Recall that this 3-line configuration file displays the coordinate system labels and the gene features, and nothing else.

Run Circleator

Now that we have both an input annotation file and a Circleator configuration file, all that remains is to run Circleator, like so:

$ circleator --data=GL383461-GL383477.gb --config=genes-only.txt --pad=100 > pa-genes-only.svg

Notice that the Circleator output is slightly more verbose than in Example 1, because for each of the contigs and/or scaffolds in the input file it prints a line giving the sequence length and feature count:

INFO - started drawing figure using genes-only.txt
INFO - reading from annot_file=./GL383461-GL383477.gb, seq_file=, with seqlen=
INFO - GL383461: 493 feature(s) and 246684 bp of sequence
INFO - GL383462: 19 feature(s) and 8634 bp of sequence
INFO - GL383463: 649 feature(s) and 336359 bp of sequence
INFO - GL383464: 400 feature(s) and 182889 bp of sequence
INFO - GL383465: 1862 feature(s) and 893497 bp of sequence
INFO - GL383466: 5 feature(s) and 4650 bp of sequence
INFO - GL383467: 9 feature(s) and 5617 bp of sequence
INFO - GL383468: 219 feature(s) and 97238 bp of sequence
INFO - GL383469: 766 feature(s) and 347101 bp of sequence
INFO - GL383470: 518 feature(s) and 240912 bp of sequence
INFO - GL383471: 5 feature(s) and 778 bp of sequence
INFO - GL383472: 3 feature(s) and 1168 bp of sequence
INFO - GL383473: 186 feature(s) and 90326 bp of sequence
INFO - GL383474: 3 feature(s) and 1380 bp of sequence
INFO - GL383475: 3 feature(s) and 889 bp of sequence
INFO - GL383476: 5 feature(s) and 616 bp of sequence
INFO - GL383477: 37 feature(s) and 16090 bp of sequence
INFO - read 17 contig(s) from 1 input annotation and/or sequence file(s)
INFO - finished drawing figure using genes-only.txt

Convert the figure from SVG to PNG

As in example 1, let’s convert the SVG image to PNG:

$ rasterize-svg pa-genes-only.svg png 3000 3000

Here is the result:

pa-genes-only.png
(data: GL383461-GL383477.gb config: genes-only.txt, full size PNG | SVG)

genes-only.txt:

coords
small-cgap
genes

Note that in this figure we have several gene-free regions, which did not appear in example 1. The reason for this is that we have 17 scaffolds and, by default, Circleator places a 20 kb gap between each pair of adjacent scaffolds or contigs.
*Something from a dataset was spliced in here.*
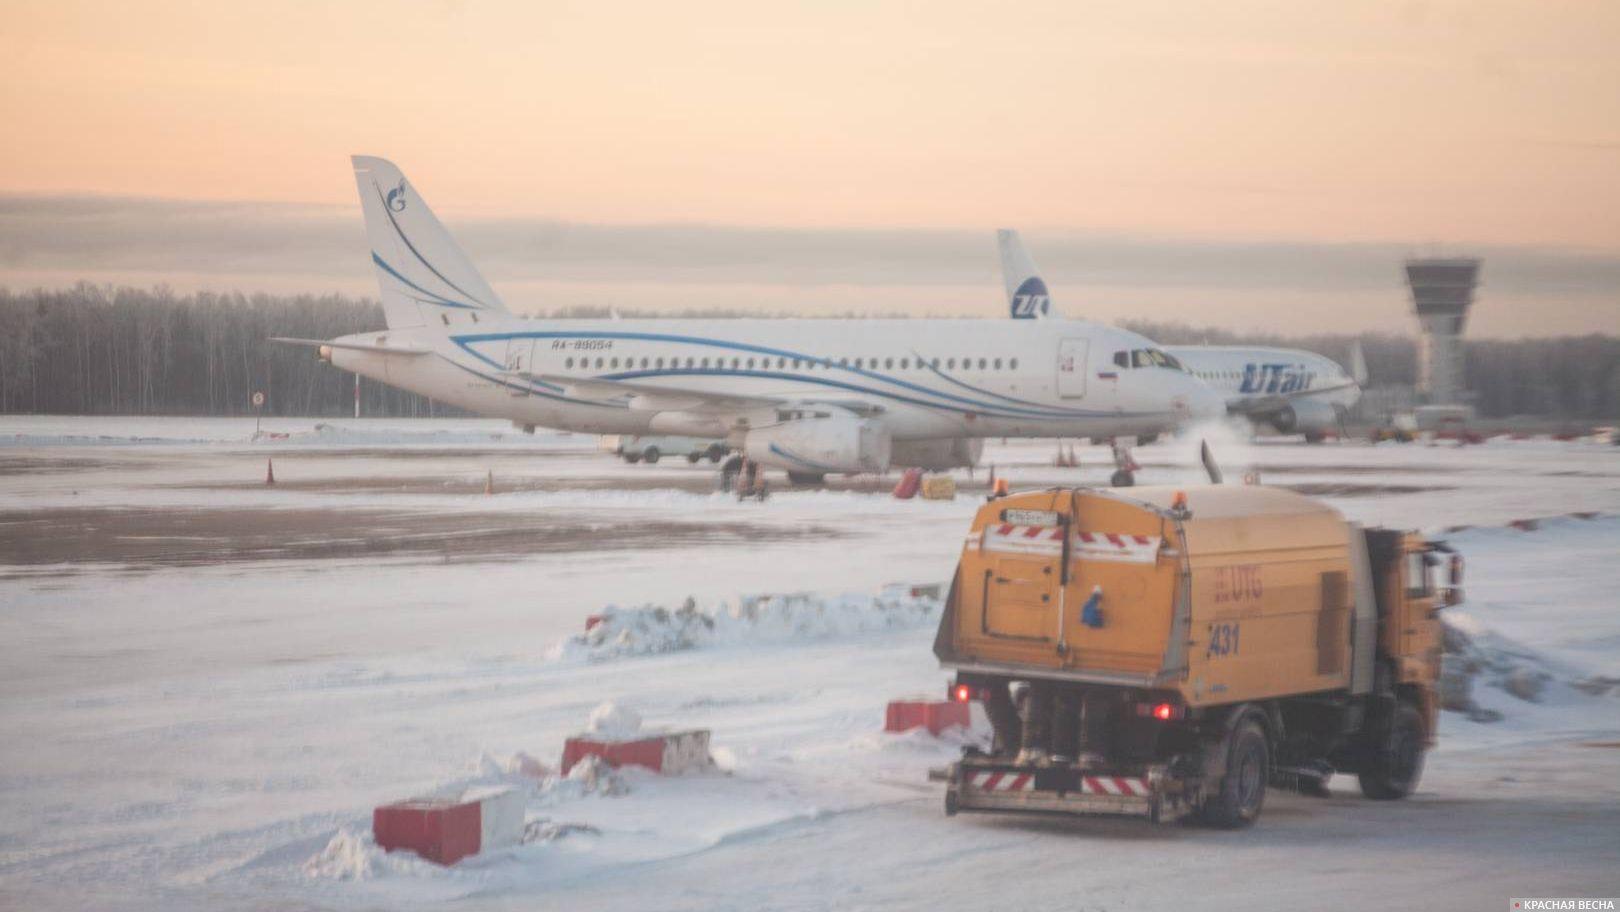 Сухой SuperJet 100-95LR в аэропорту Внуково, Москва

Also by default, Circleator draws the contigs/scaffolds in the same order (clockwise, starting at the origin) that they appear in the input GenBank file.
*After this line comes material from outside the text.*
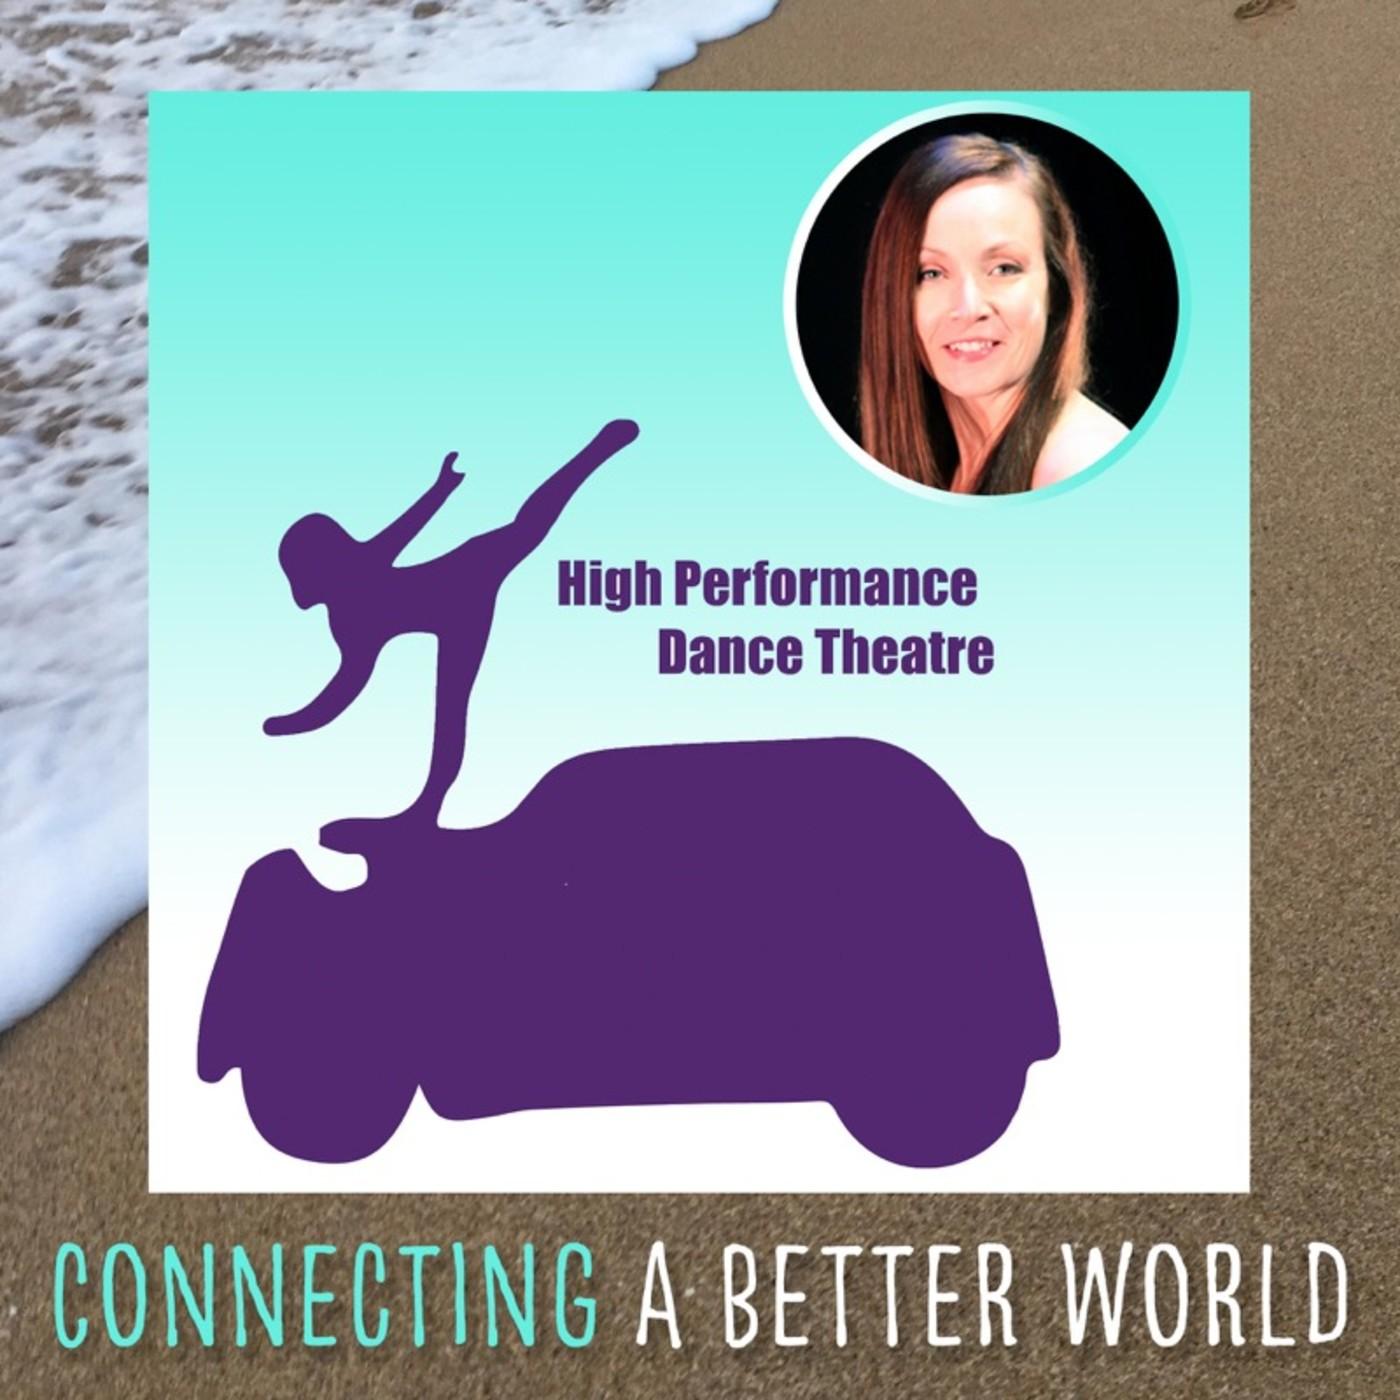 High Performance Dance Theatre

Show the scaffold locations

Let’s modify the configuration file slightly so that we can see the scaffold locations and accession numbers in the figure. Here’s the updated configuration file:

scaffolds-and-genes.txt

Now run Circleator and convert the SVG figure to PNG format. Note that we’re increasing the --pad amount from 100 to 200 to make room for the scaffold labels around the outside of the circle:

$ circleator --data=GL383461-GL383477.gb --config=scaffolds-and-genes.txt --pad=200 > pa-scaffolds-and-genes.svg
$ rasterize-svg pa-scaffolds-and-genes.svg png 3000 3000
pa-scaffolds-and-genes.png
(data: GL383461-GL383477.gb config: scaffolds-and-genes.txt, full size PNG | SVG)

scaffolds-and-genes.txt:

coords
small-cgap
contigs c1
small-cgap
genes
medium-label innerf=1.0,label-function=primary_id,feat-track=c1,label-type=spoke,packer=none

Note that:

Filter out the short sequences

Circleator has a couple of command-line options that affect the handling of multi-sequence input data. One is --contig_gap_size, which can be used to change the default gap placed between adjacent contigs/scaffolds (20kb by default). Another is --contig_min_size, which specifies a minimum contig/scaffold length (in bp). Sequences that are shorter than this will be excluded from the display. Let’s use these two options, along with the same configuration file as the previous example, to change the figure a bit:

$ circleator --data=GL383461-GL383477.gb --config=scaffolds-and-genes.txt --pad=200 --contig_min_size=50000 --contig_gap_size=15000 > pa-no-short-scaffolds.svg
$ rasterize-svg pa-no-short-scaffolds.svg png 3000 3000

Circleator reports that only 8 of the 17 scaffolds are 50kb or longer:

INFO - started drawing figure using scaffolds-and-genes.txt
INFO - reading from annot_file=./GL383461-GL383477.gb, seq_file=, with seqlen=
INFO - GL383461: 493 feature(s) and 246684 bp of sequence
INFO - GL383463: 649 feature(s) and 336359 bp of sequence
INFO - GL383464: 400 feature(s) and 182889 bp of sequence
INFO - GL383465: 1862 feature(s) and 893497 bp of sequence
INFO - GL383468: 219 feature(s) and 97238 bp of sequence
INFO - GL383469: 766 feature(s) and 347101 bp of sequence
INFO - GL383470: 518 feature(s) and 240912 bp of sequence
INFO - GL383473: 186 feature(s) and 90326 bp of sequence
INFO - read 8 contig(s) from 1 input annotation and/or sequence file(s)
INFO - finished drawing figure using scaffolds-and-genes.txt
pa-no-short-scaffolds.png
(data: GL383461-GL383477.gb config: scaffolds-and-genes.txt, full size PNG | SVG)

Note that:

Add some flair

Now let’s make the figure a little more interesting by adding some tracks and, since all of the scaffolds are now relatively long, overlaying the scaffold id directly on the curved blue scaffold rectangles. Here’s the updated configuration file:

scaffolds-and-genes-plus.txt

$ circleator --data=GL383461-GL383477.gb --config=scaffolds-and-genes-plus.txt --pad=200 --contig_min_size=50000 --contig_gap_size=15000 > pa-no-short-scaffolds-plus.svg
$ rasterize-svg pa-no-short-scaffolds-plus.svg png 3000 3000
pa-no-short-scaffolds.png
(data: GL383461-GL383477.gb config: scaffolds-and-genes-plus.txt, full size PNG | SVG)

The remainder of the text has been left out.